The state Court of Appeals in Nashville yesterday upheld Tennessee’s ban on private ownership of white-tailed deer, ruling that the state regulation protects native animals.

The case was before the court for the third time in a long-running dispute over a 1991 statute that says only zoos, temporary exhibitors and rehabilitation facilities may keep deer and some other native animals in captivity.

The statute also gave the Tennessee Wildlife Resources Agency authority to add or remove animals from the ban.

The law was challenged by Robert Bean, Franklin Shaffer, David Autrey and Mack Roberts, who argued that it unfairly restricted interstate commerce and unconstitutionally delegated legislative authority to TWRA.

The state Supreme Court upheld the TWRA’s role in 1997, and the Court of Appeals ordered a lower court in 1999 to hold a hearing on the commerce clause.
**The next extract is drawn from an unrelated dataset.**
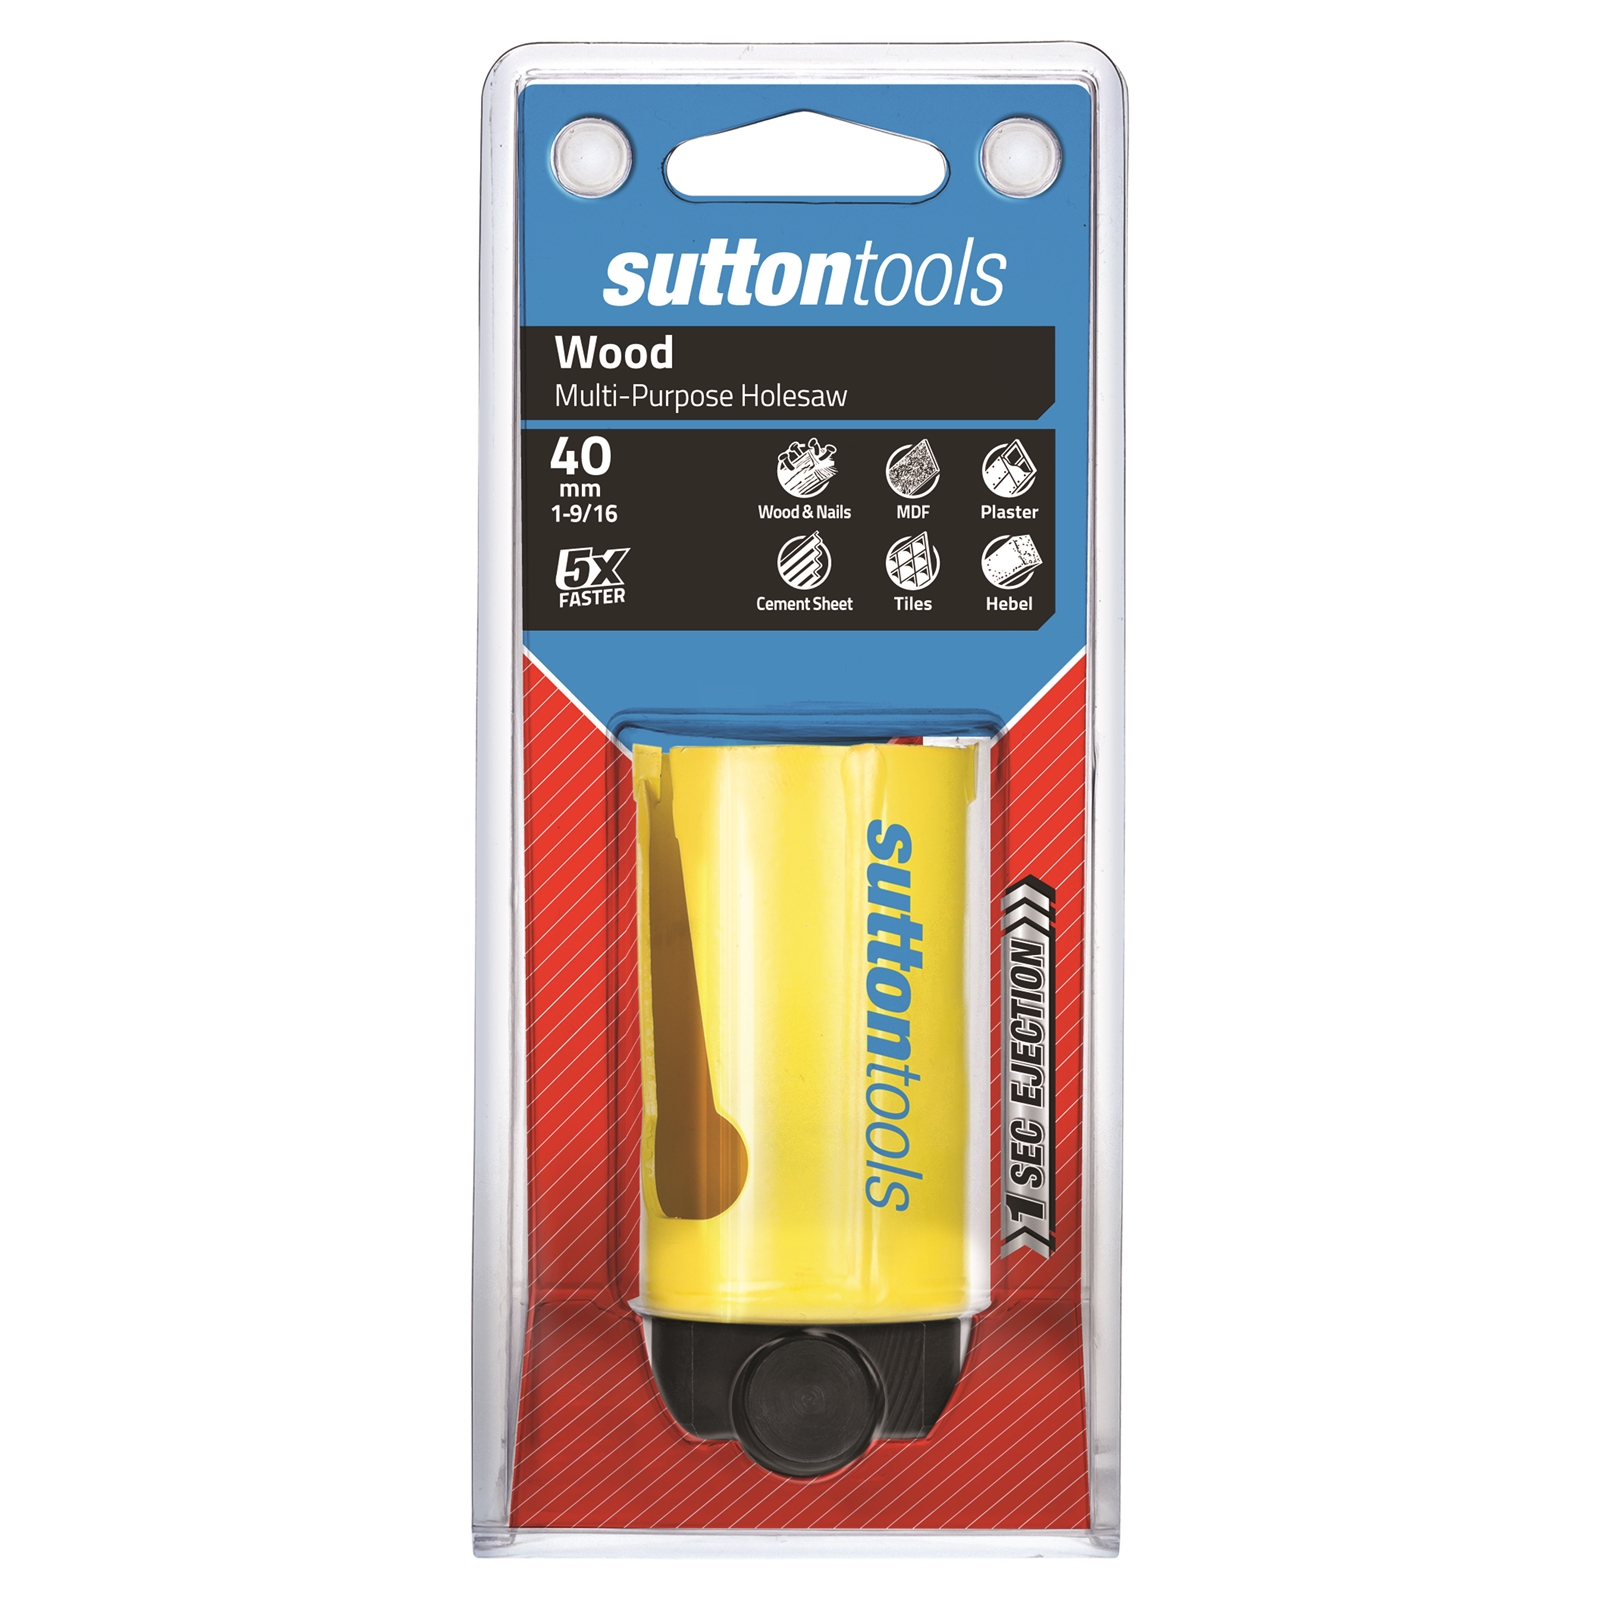 Sutton Tools 40mm Multipurpose Holesaw

The state defended its statute on the grounds that banning captive deer fights the spread of chronic wasting disease, a fatal deer brain ailment akin to mad cow disease. Chancellor Irvin Kilcrease ruled for the state, and a three-judge appeals panel concurred in a ruling released yesterday.

The ruling noted that the disease has no treatment, cannot be detected until after an animal has died and can be transmitted by keeping deer in captivity.